Let $\mathcal{D} = \{(\bm{x}_i, z_i), i \in 1,\dots,n \}$ be $n$ realizations of $(\bm{X}, Z)$. Denote $\bm{\beta} = [\beta_{j\ell k}]$ and $\bm{r} = [r_{j\ell}]$. The joint posterior distribution is then given by
\begin{align*}
\mathbb{P}(\bm{\beta}, \bm{S}, \bm{r}, \pi, \tau | \mathcal{D}) & \propto \mathbb{P}(\bm{\beta} | \bm{r}, \tau) \mathbb{P}(\bm{S}) \mathbb{P}(\bm{r} | \pi) \mathbb{P}(\pi) \mathbb{P}(\tau) \\ 
& \qquad \times \textstyle\prod_{i = 1}^n \mathbb{P}(\bm{x}_i | z_i, \bm{B}(z_i), \bm{S}),
\end{align*}
where $\mathbb{P}(\bm{\beta} | \bm{r}, \tau) = \prod_{j, \ell} \mathbb{P}(\bm{\beta}_{j \ell} | r_{j \ell}, \tau)$ and $\mathbb{P}(\bm{r} | \pi) = \prod_{j, \ell} \mathbb{P}(r_{j \ell} | \pi)$. The posterior distribution is not analytically available; we use Markov chain Monte Carlo (MCMC) to approximate it with the sampling steps detailed in Section S4 of Supplementary Materials.

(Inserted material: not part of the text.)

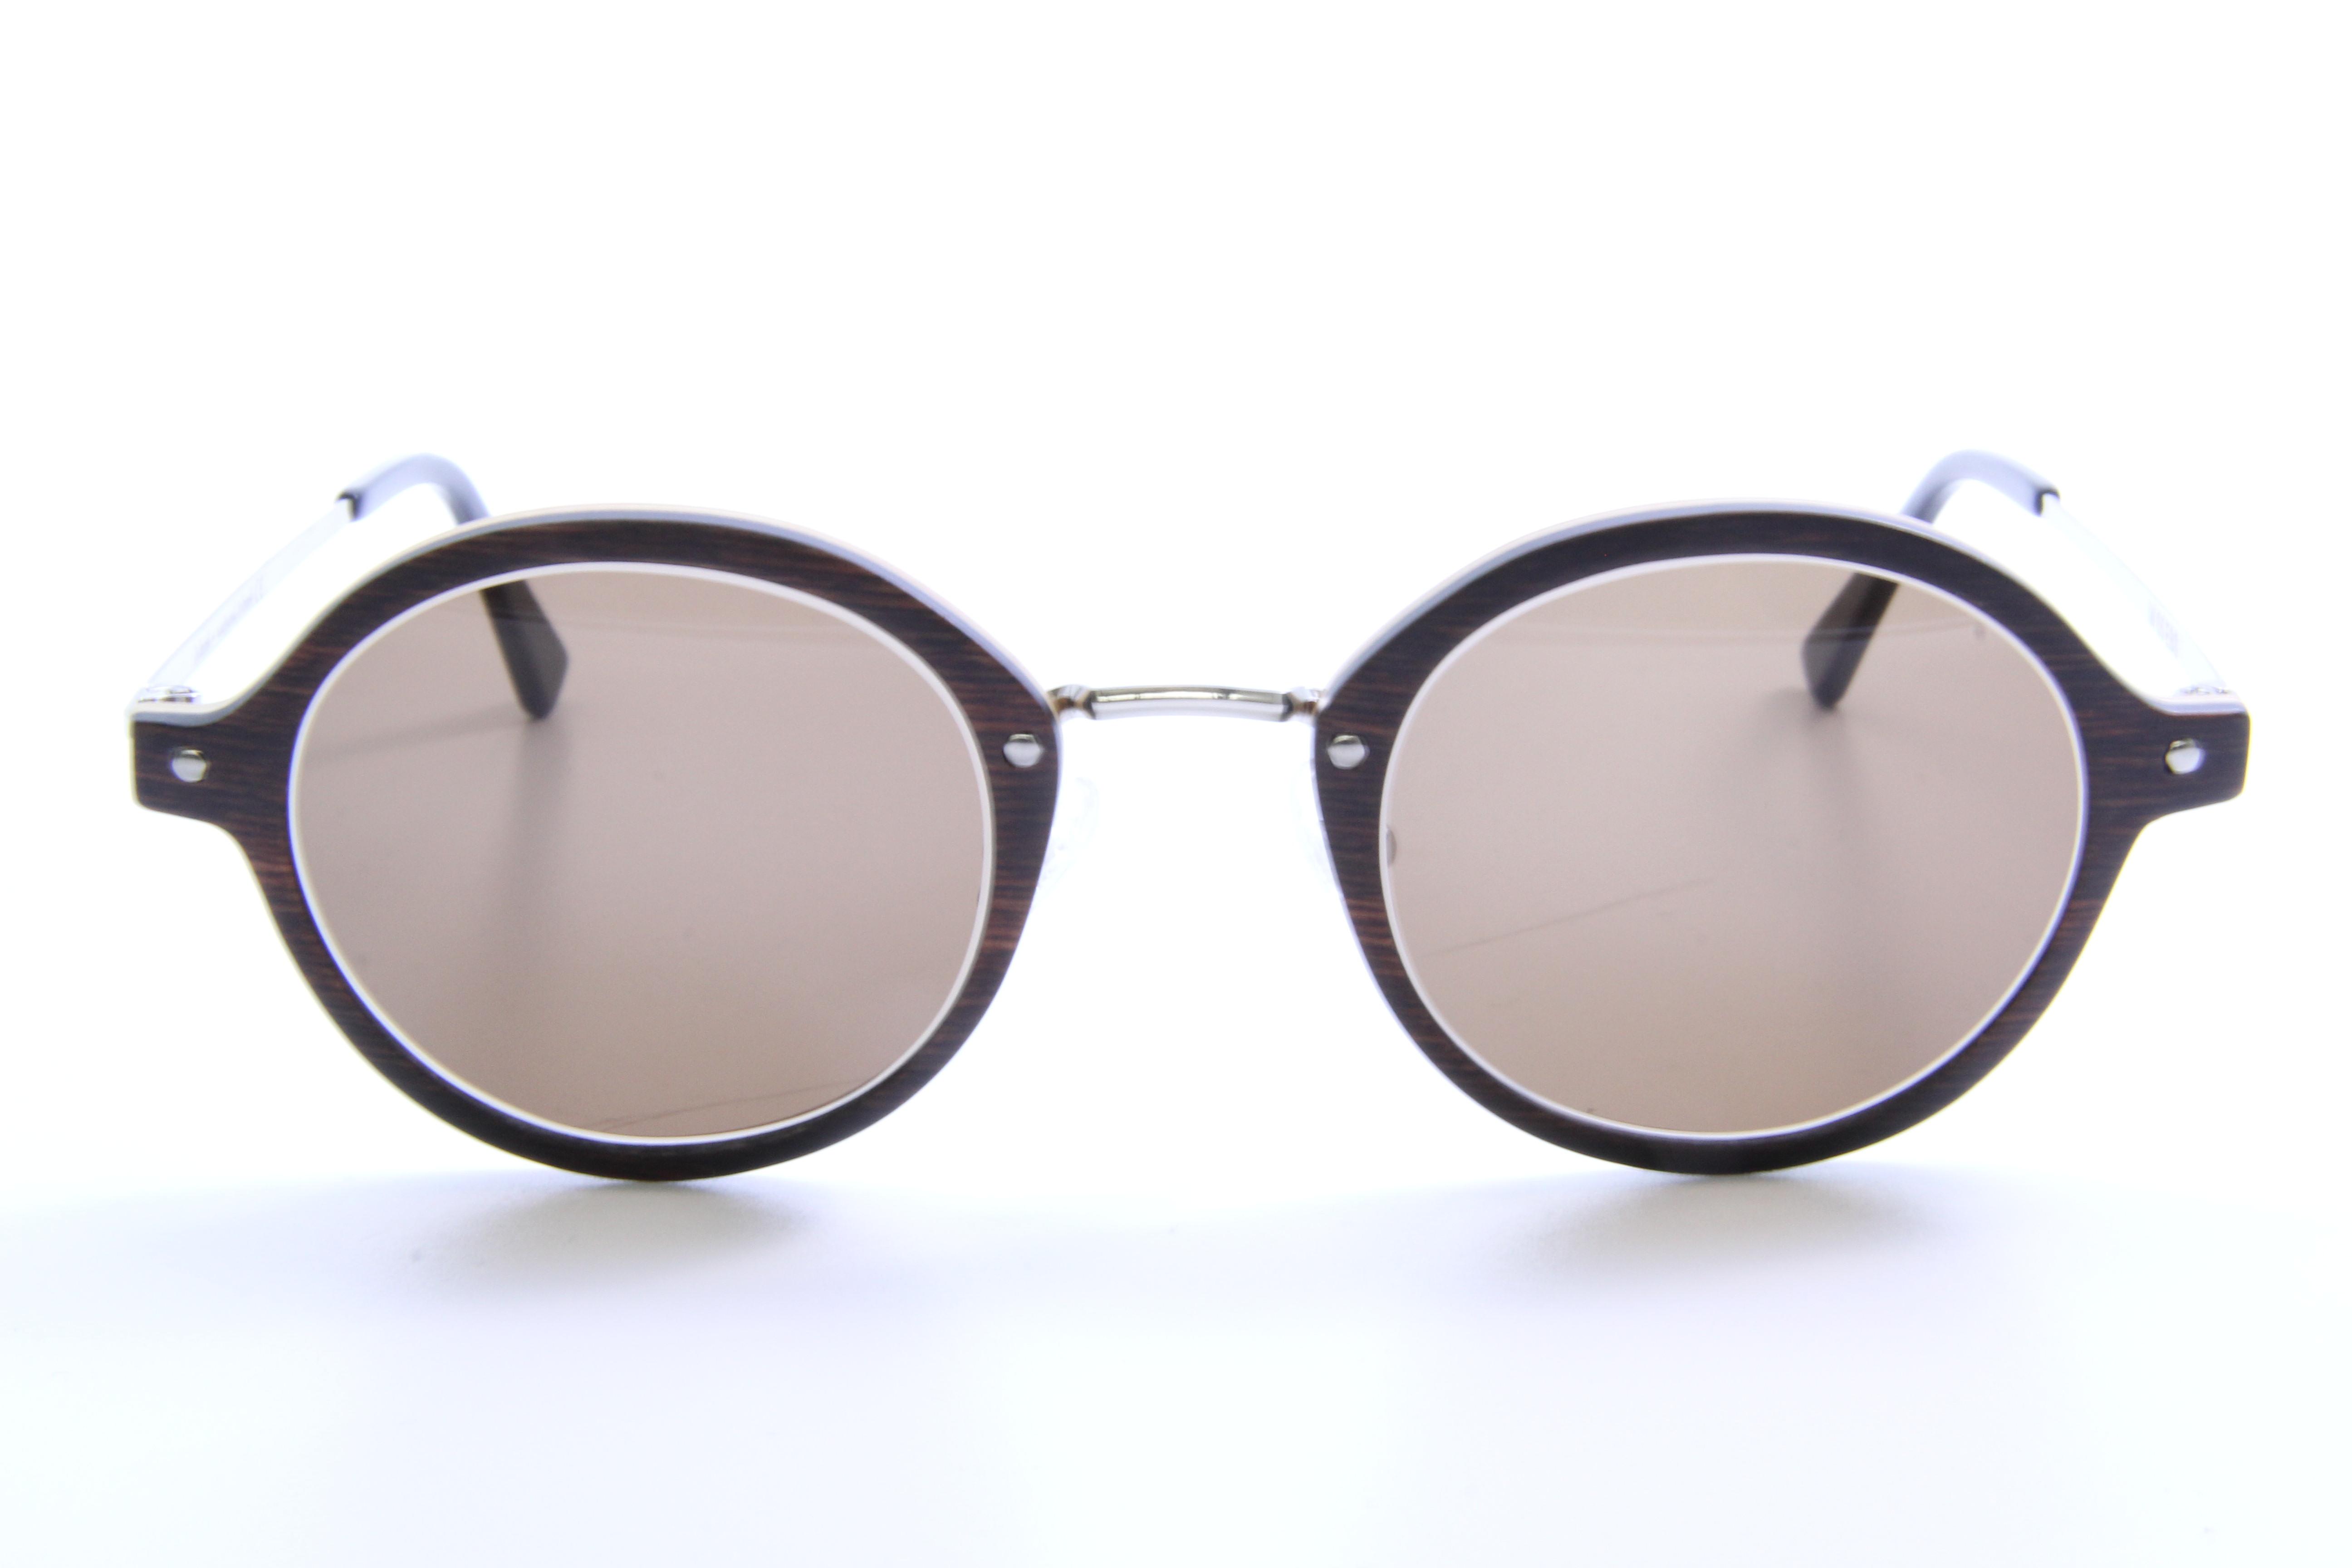 Echtholz iWood – 05 Sonnenbrille - Brillen Lager Verkauf
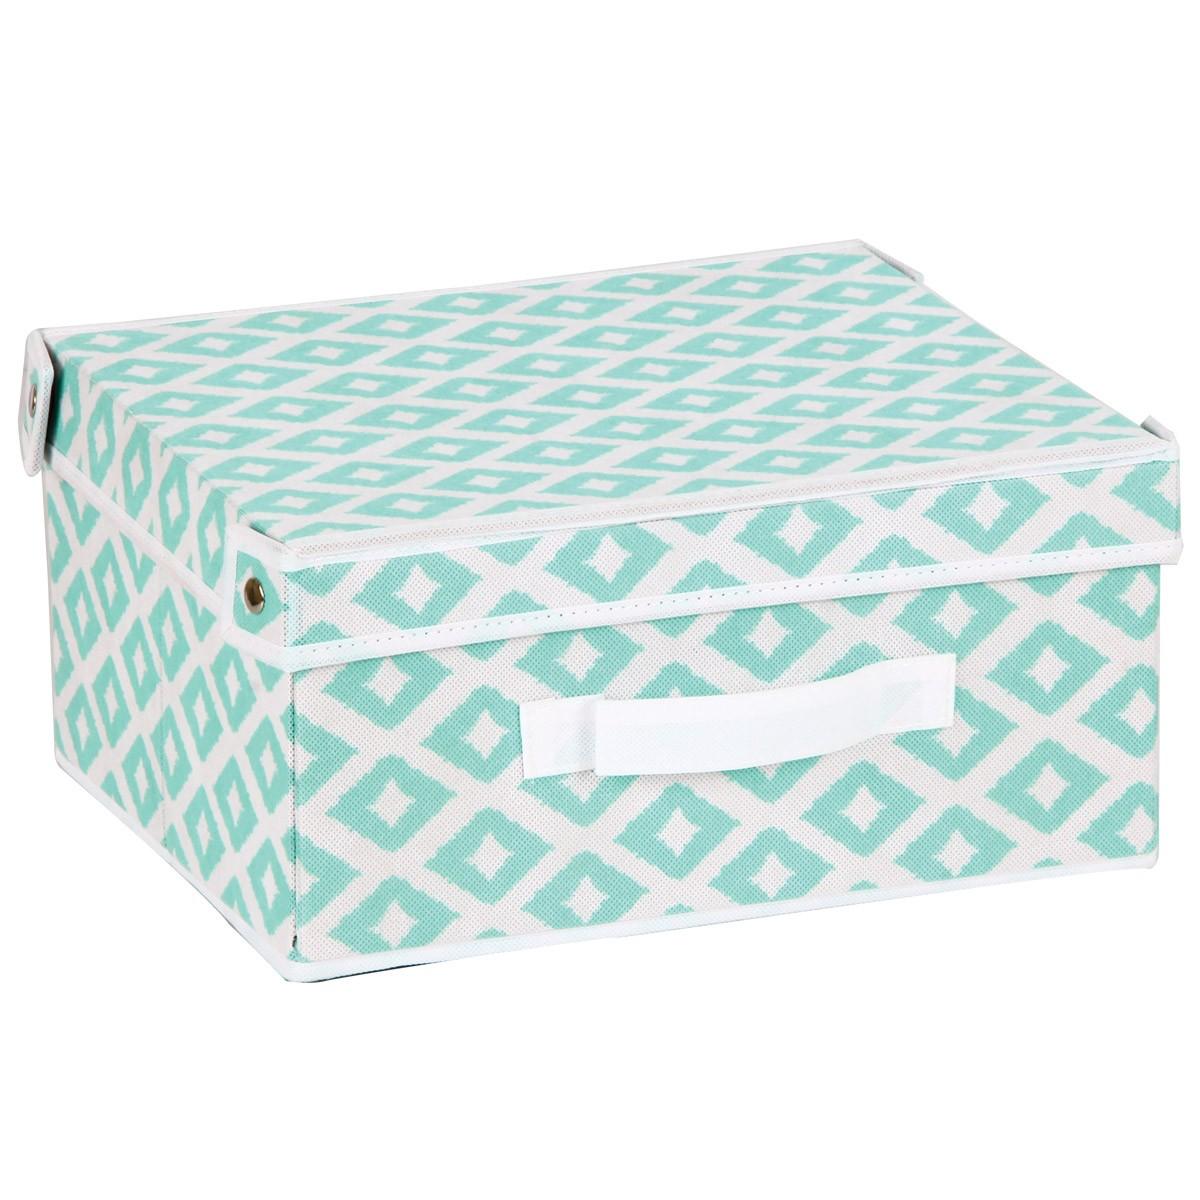 Κουτί Τακτοποίησης (41x35x25) εstia 03-2077 Turquoise home   κρεβατοκάμαρα   οργάνωση ντουλάπας

The per-iteration computational complexity of sampling is $O(np^5)$\footnote{Sampling $\bm{r}$ and $\bm{\beta}$ requires $O(p^2)$ numbers of likelihood evaluation and each likelihood evaluation is $O(np^3)$.}. This is a general learning algorithm that includes possible cycles and confounders. It can be simplified if there are no cycles and/or confounders. For example, for acyclic graphs, the spline coefficients $\bm{\beta}$ can be integrated out to improve MCMC mixing. Upon the completion of MCMC, the causal structure can be summarized by thresholding the estimated posterior probability of inclusion $\mathbb{P}(r_{j \ell} = 1 | \mathcal{D}) \approx 1 / M \sum_{m = 1}^M I(r_{j \ell}^{(m)} = 1)$ at 0.5, where the superscript $(m)$ indexes the Monte Carlo samples. Alternatively, we can choose a different threshold to control the Bayesian false discovery rate as in \cite{muller2006fdr}.

\section{EXPERIMENTS} \label{experiments}
We use extensive simulations as well as a real cancer genomic dataset with known cyclic causal graphs to evaluate the proposed method, CHOD. Additionally, we also applied CHOD to a Hong Kong stock market dataset analyzed in a recent heterogeneous causal discovery work \citep{huang2020causal}. Throughout, we set the hyperparameters as non-informative ones with $\bm{\Psi} = \bm{I}$, $v = p$, $a = b = 0.5$, $\alpha = \beta = 0.01$, and $K = 10$, which performed well in all experiments considered. We ran MCMC for 2000 iterations, discarded the first 1000 iterations as burn-in, and retained every 5th iteration after burn-in as posterior samples. We evaluated the graph structure recovery accuracy by calculating true positive rate (TPR), false discovery rate (FDR), and Matthew's correlation coefficient (MCC) based on 50 repetitions in simulations.  TPR (higher is better) measures the sensitivity/power of the method, i.e., how many true edges can a method detect, and FDR (lower is better) measures how many detected edges are false discoveries. A good method should have high TPR and low FDR. MCC (higher is better) is a unified measure that accounts for both TPR and FDR. It takes value in $[-1, 1]$ with 1 indicating perfect graph recovery. 

\subsection{Simulations}
Since most existing causal discovery methods assume acyclic graphs and/or causal sufficiency with some exceptions that allow either cycles or confounders but usually not both, in order to maximize the fairness of comparison, we conducted simulations under three scenarios: when the simulation truths are cyclic graphs with confounders, acyclic graphs with confounders, and cyclic graphs without confounders, respectively. The first scenario is the most general one, which has been the focus of this paper, while the second and third scenarios are designed for fairness and hence are briefly discussed in the main text with details provided in the Section S5.1 of the Supplementary Materials. Note that our general algorithm accommodates all those three settings. We first considered data generated from our proposed model and then considered various model misspecifications in terms of non-Gaussian errors, different confounding effects, varying degrees of heterogeneity, and unobserved covariates.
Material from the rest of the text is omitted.